An organizational chart and timeline explaining the recently devised medical supply chain response to catastrophic emergencies are now available for public review.

The procedures specified in the documents were drawn up by a joint task force of medical supply-chain participants, including representatives from the Health Industry Distributors Association (HIDA), the Association for Healthcare Resource & Materials Management (AHRMM), AdvaMed, the American Hospital Association, and others. The federal Office of Emergency Preparedness assembled the task force shortly after the events of September 11, 2001.

According to HIDA, the task force successfully persuaded federal agencies to adopt the supply-chain approach—as an alternative to facility-level stockpiling—to provide supplies to hospitals during large-scale emergencies. To support its position, the task force cited an HHS data sheet titled "17 Critical Benchmarks for Bioterrorism Preparedness," which does not specify facility-level medical-supply stockpiling as necessary for ensuring preparedness.

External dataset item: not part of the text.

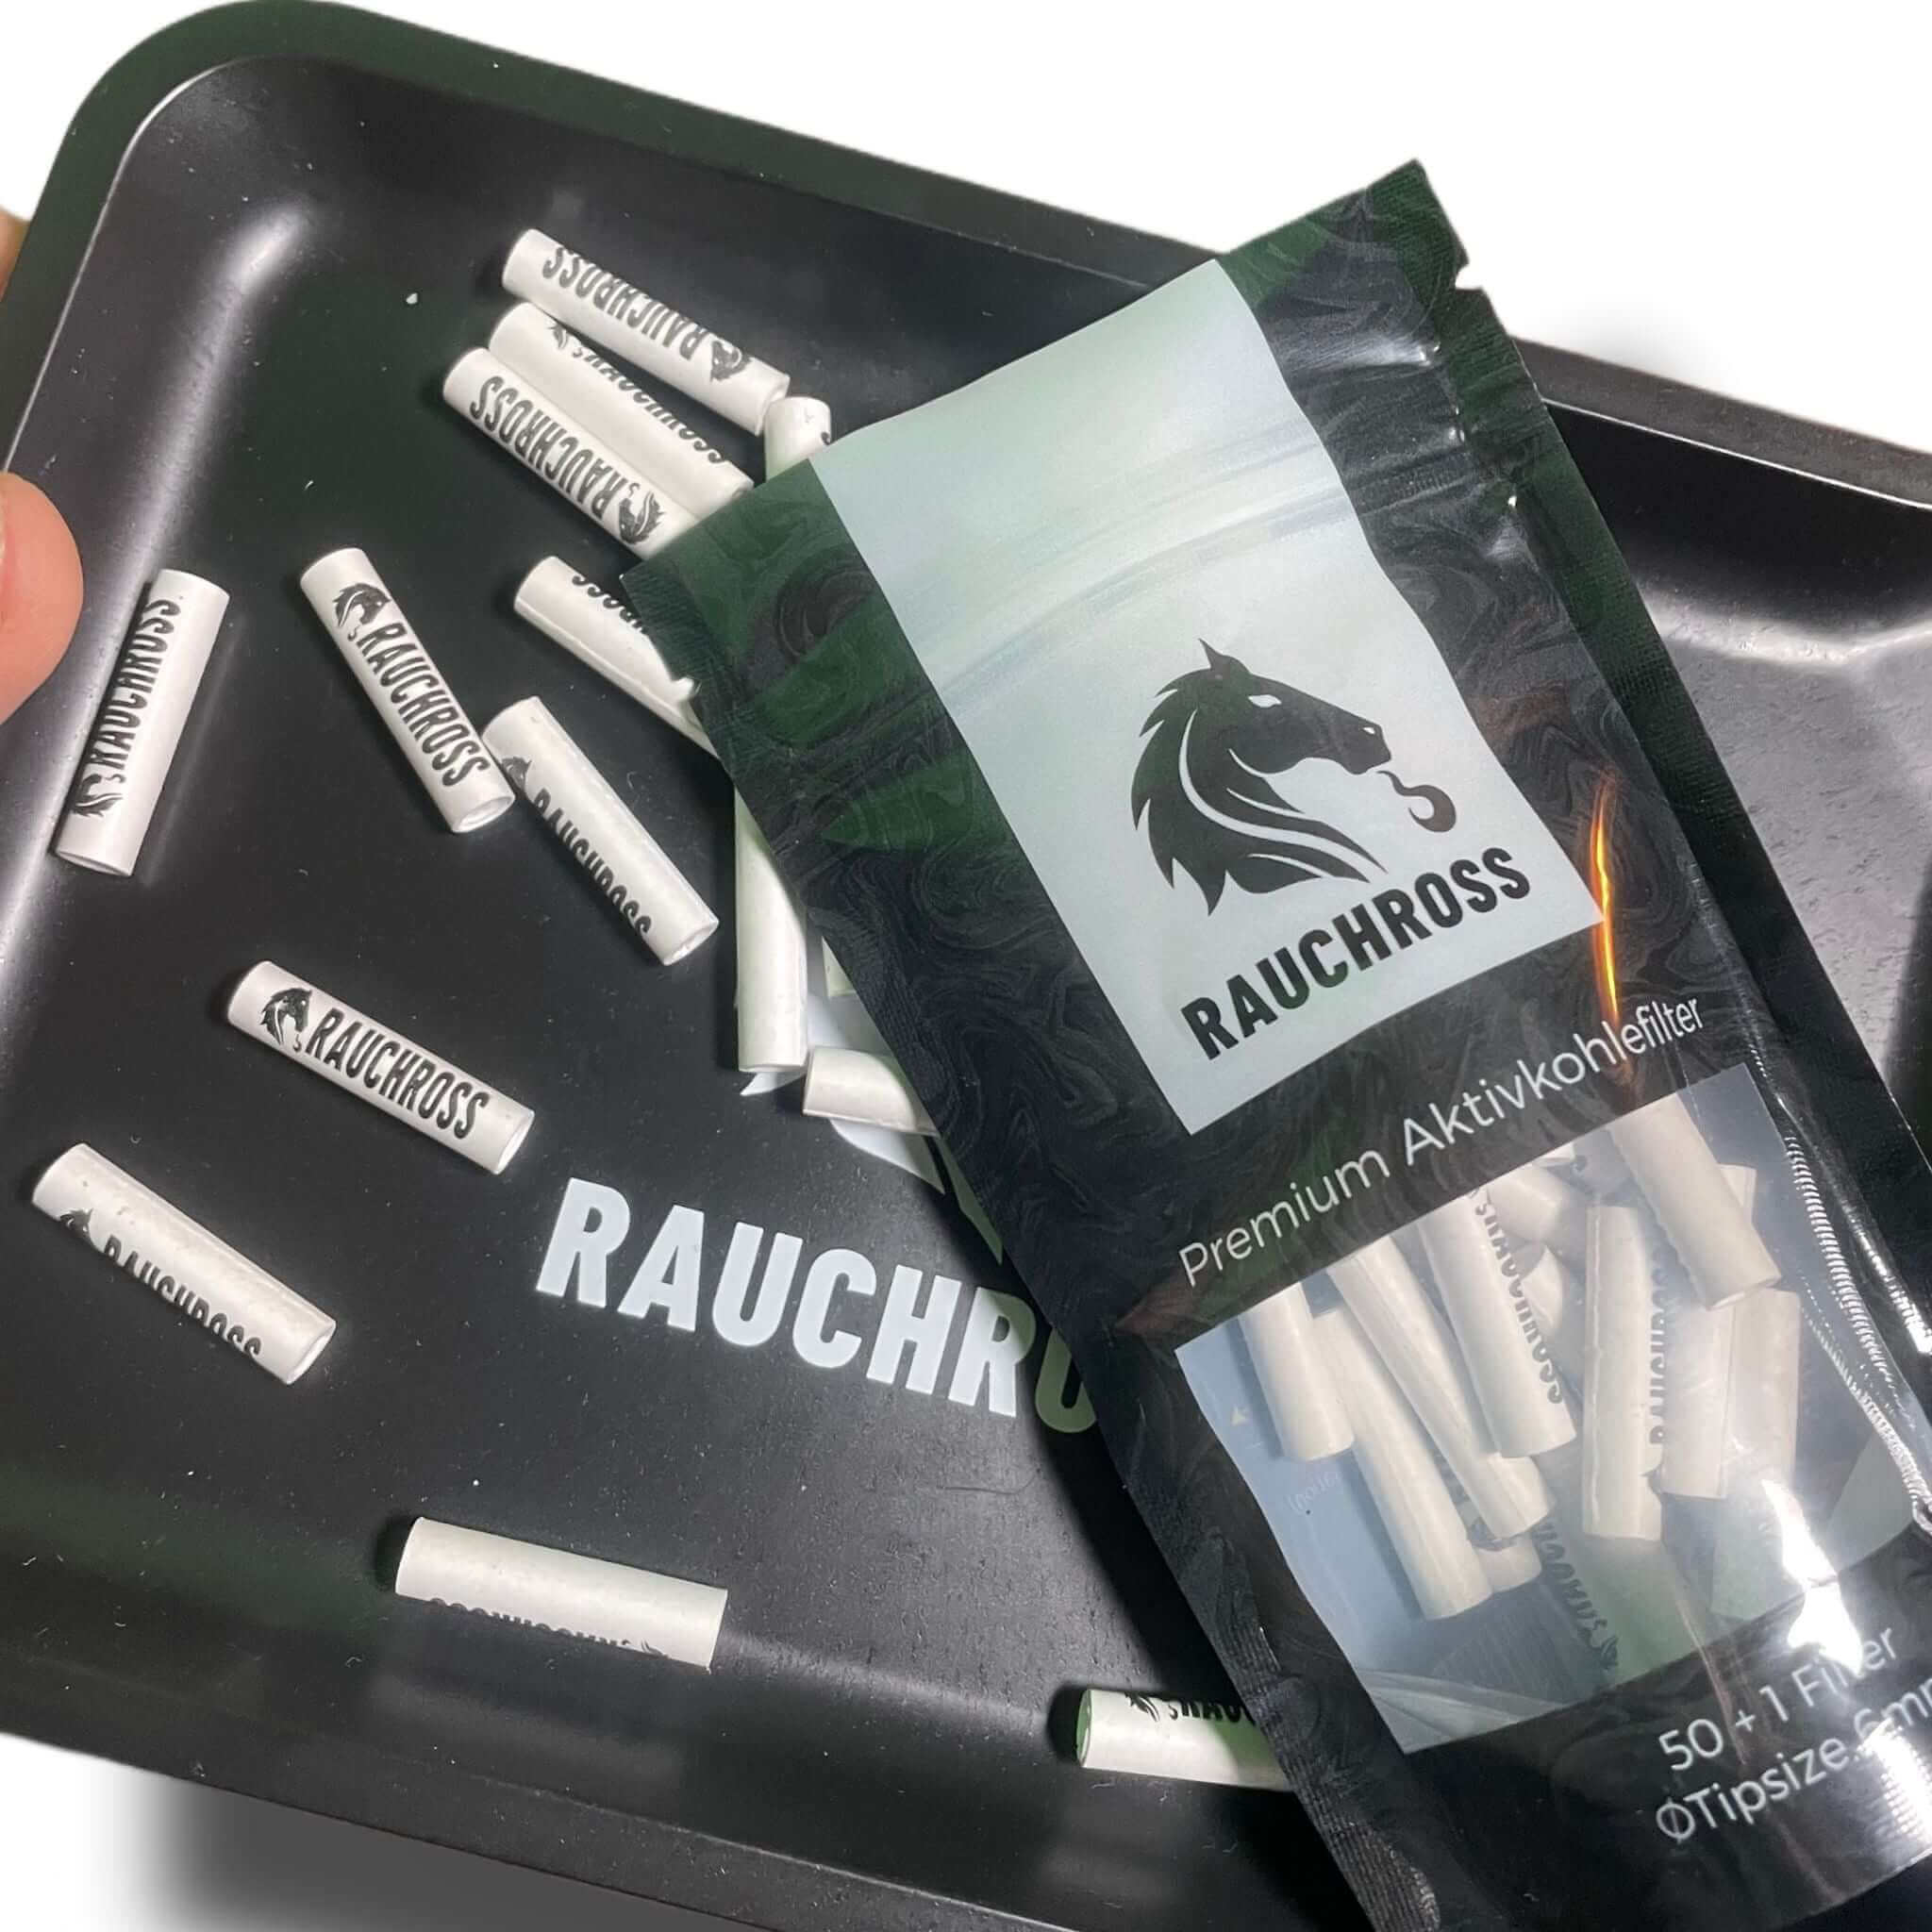 View details for Rauchross 51er Aktivkohle Filter Packung 6mm Rauchross 51er Aktivkohle Filter Packung 6mm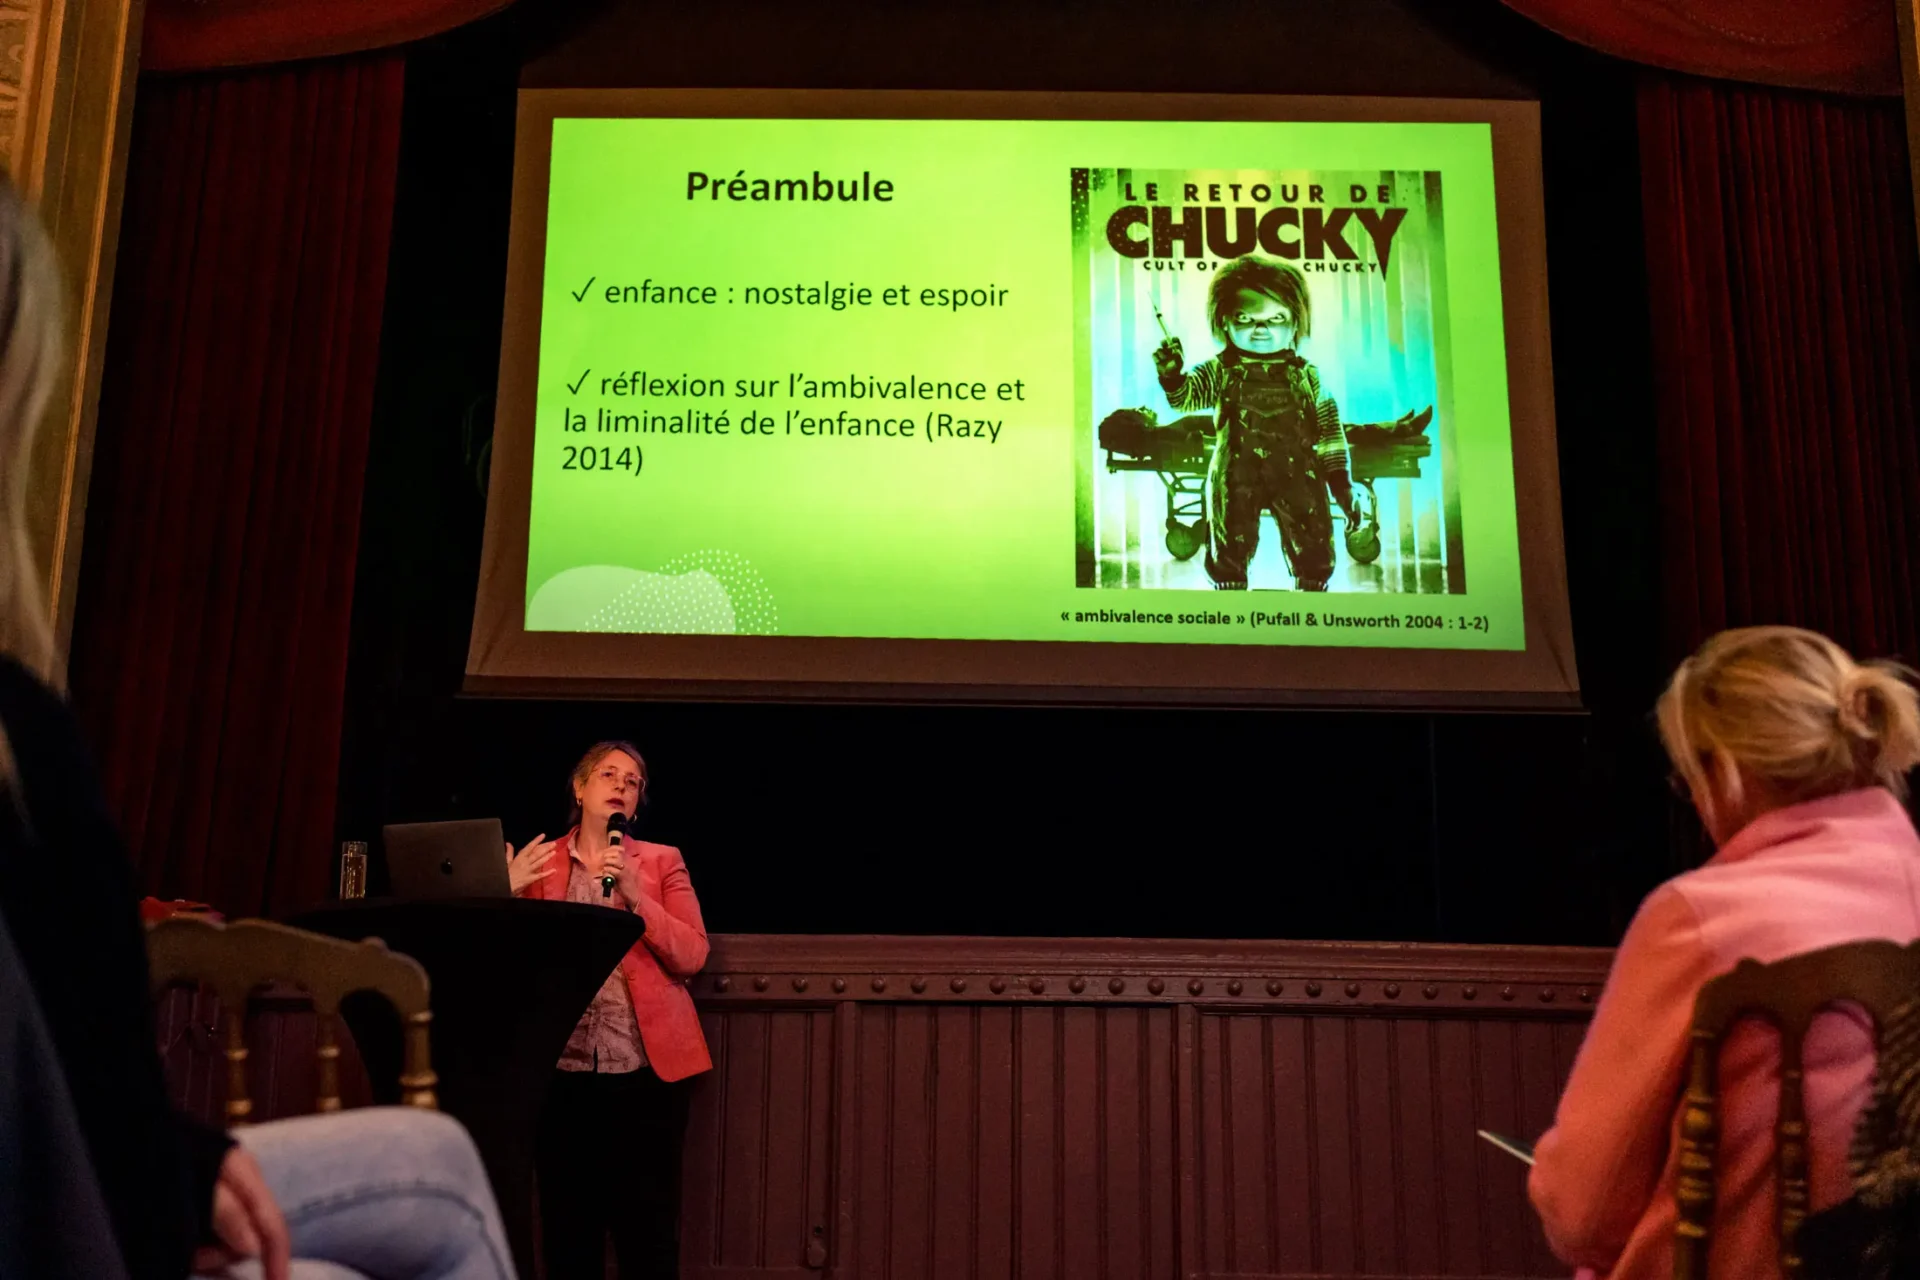 Une oratrice présente une conférence avec une image de Chucky sur la toile

The supply-chain response system was developed to address catastrophic events whose scope extends beyond that of relatively minor, routine disasters. Catastrophic emergencies "typically transcend individual hospitals and become community events," says Al Cook, president of AHRMM and chief resource officer at St. Francis Medical Center in Louisiana.

A critical element of the response system is the CBRNE designation. The acronym stands for chemical, biological, radiation, nuclear, and explosives— the five ways to define catastrophes and categorize supplies. The CBRNE template, which will become available to hospitals to prepare for large-scale emergencies, will "allow a hospital to maintain an open order at its distributor location that would detail the number and type of items to ship in any CBRNE event," Cook says. The order could be instantly activated by making a phone call at the onset of the catastrophe, thereby avoiding some of the lost time associated with waiting for the disaster to happen before determining what products need to be ordered.

For example, Cook explains, in the event of a chemical attack, a hospital could immediately phone its distributor and say, "Activate my C list for 500 people." The distributor would understand the order and be able to fill it right away.

Cook says the problems associated with facility-level stockpiling are many. "Stockpiling can lead to obsolescence [of inventory] due to deterioration." He adds, "It would be difficult for the supply chain to support 6000-plus hospitals stockpiling similar items at the same time." Such a system, he explains, would "stress the supply chain past the point of becoming able to support the demand."

Medical-supply vendors are better able to manage stock—i.e., the bulge in the supply pipeline—than are individual hospitals, Cook says. Distributors generally use sophisticated, computer-assisted stock-rotation techniques, whereas hospitals lack such systems and tend to rely on entry-level technicians to accomplish the stock-rotation task.

The task force hopes to standardize the CBRNE template and its related procedures with the cooperation of government agencies. If the group is successful, the medical supply chain response will likely replace facility-level stockpiling as a means for responding to large-scale catastrophes.